> THE DATA
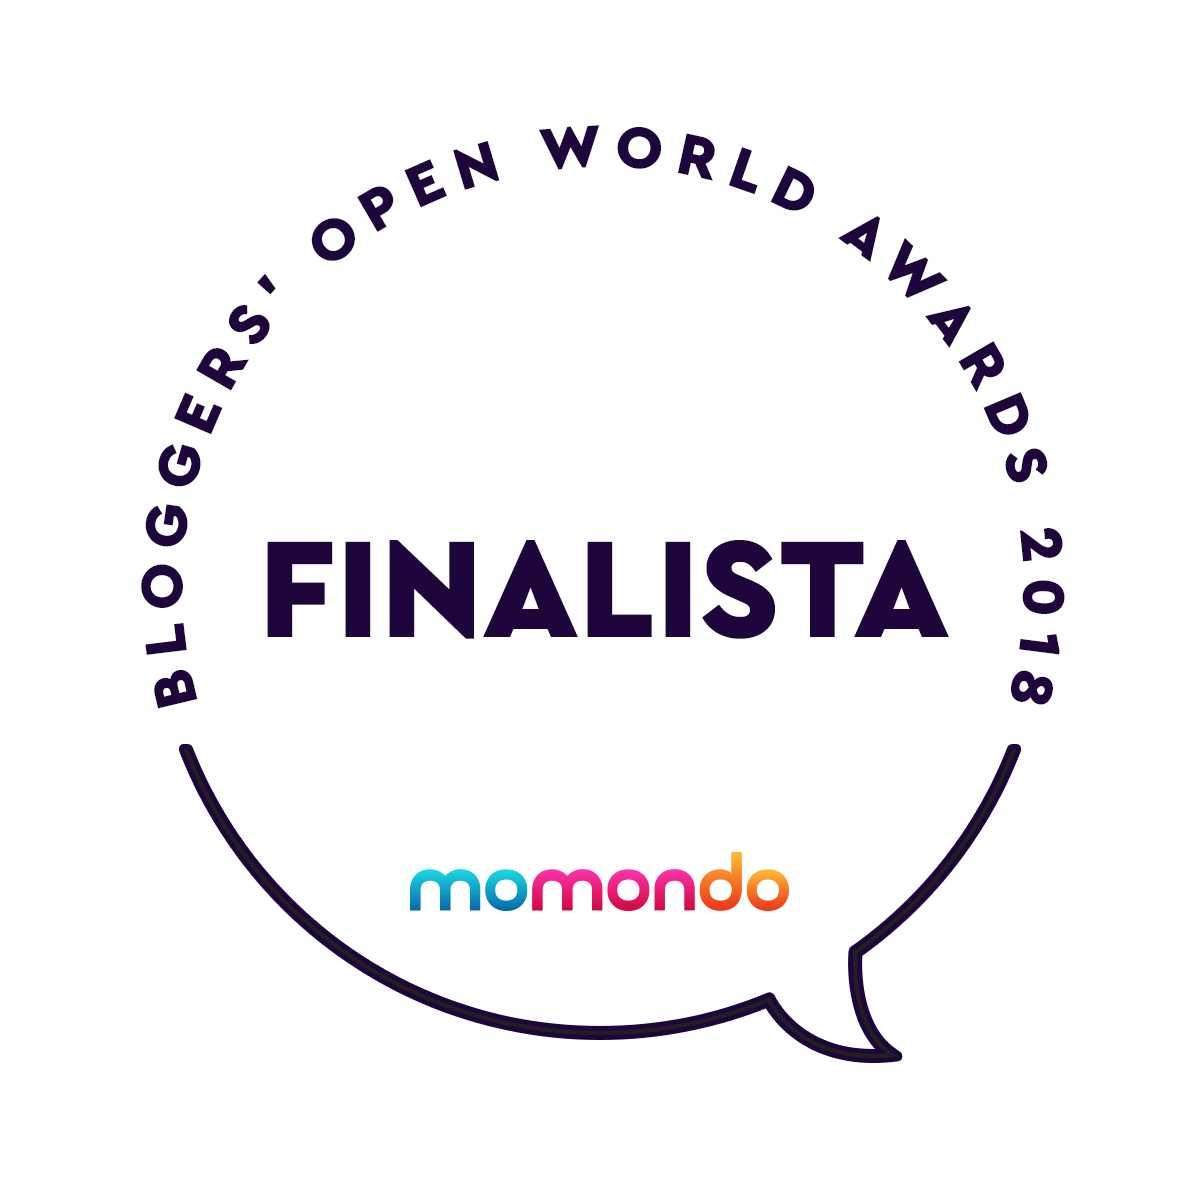 Bloggers Open World Awards 2018 Finalista
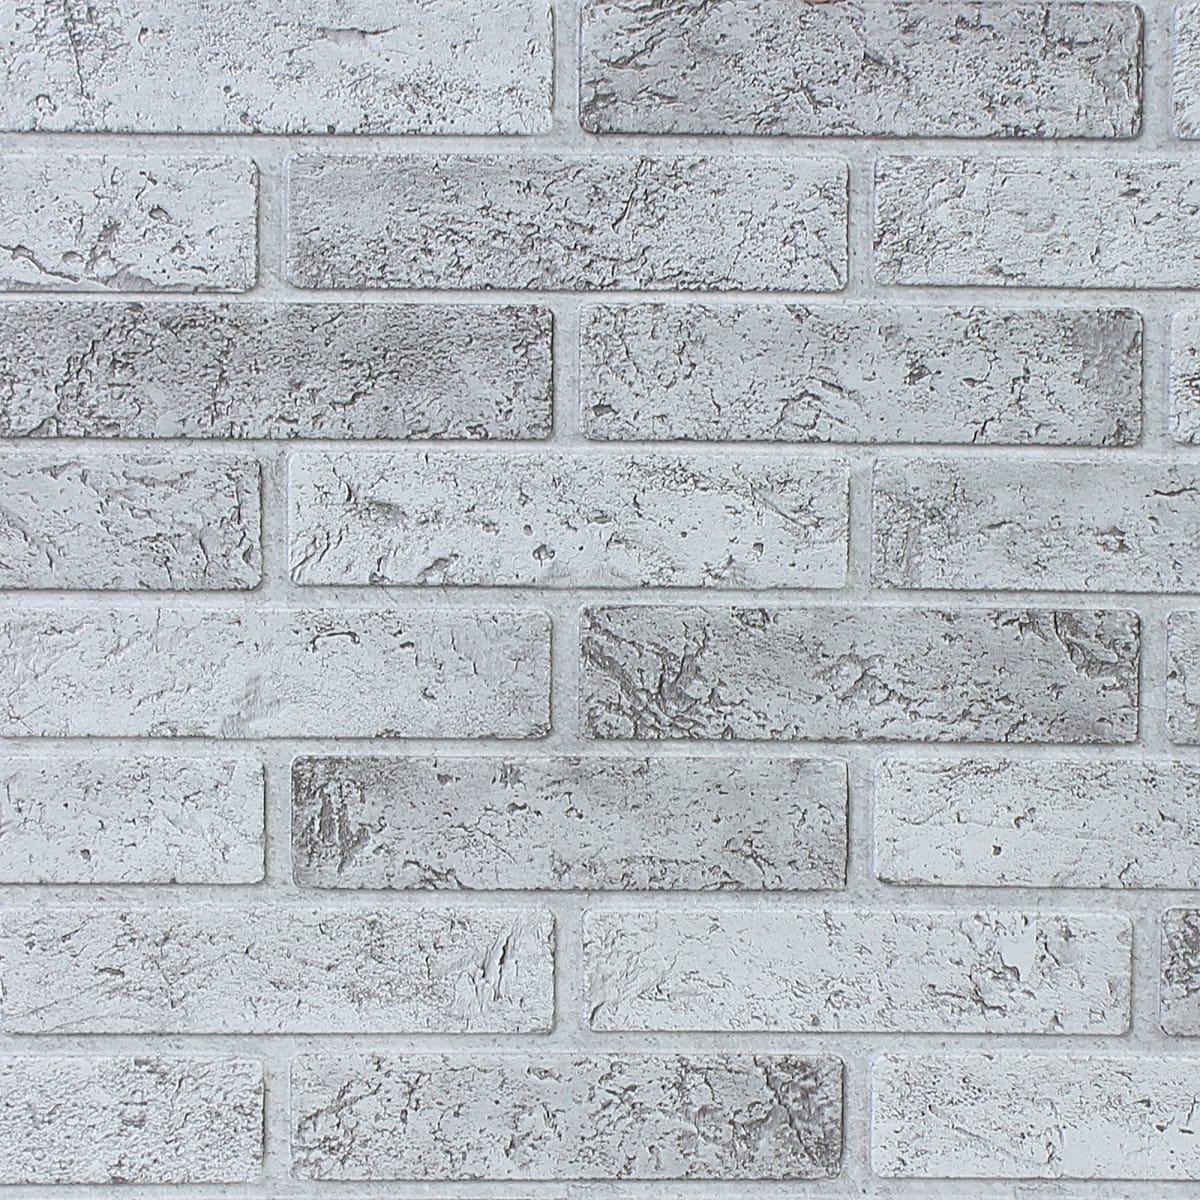 Панель ПВХ листовая 3 мм 962х499 мм Кирпич серый 0.48 м²
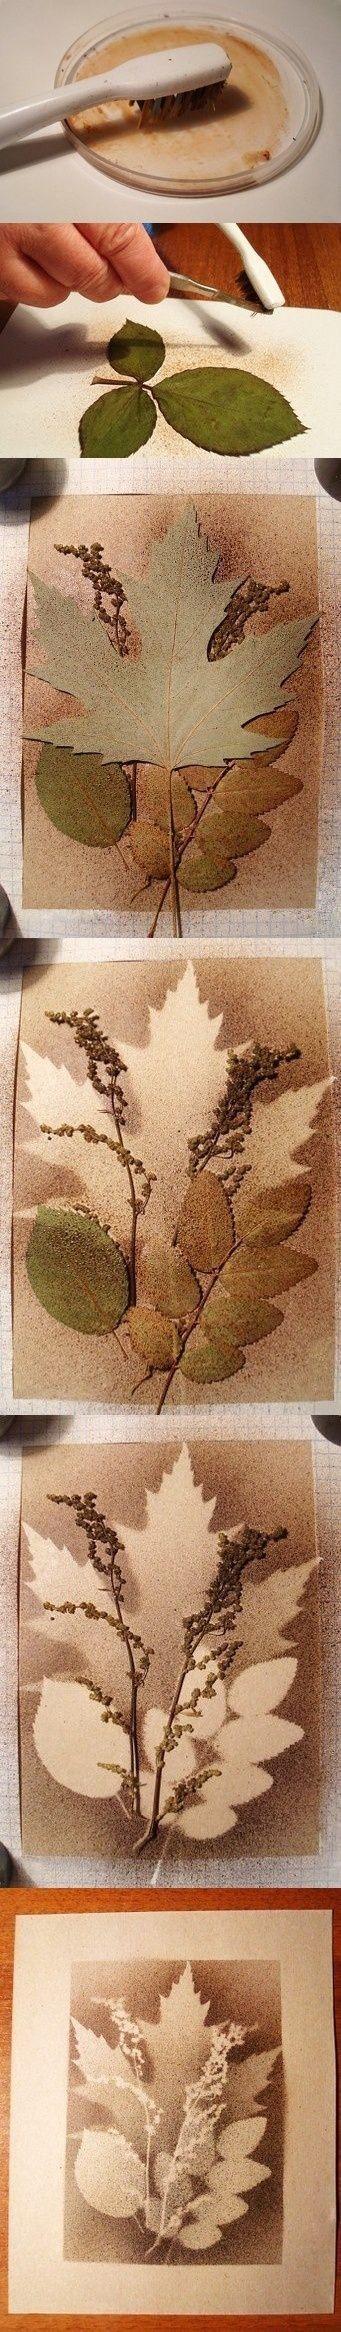 More leaf art

> THE PROBLEM
Print the listing exactly, images excluded.

> SOLUTION TO THIS PROBLEM
 Bloggers Open World Awards 2018 Finalista
 Панель ПВХ листовая 3 мм 962х499 мм Кирпич серый 0.48 м²
 More leaf art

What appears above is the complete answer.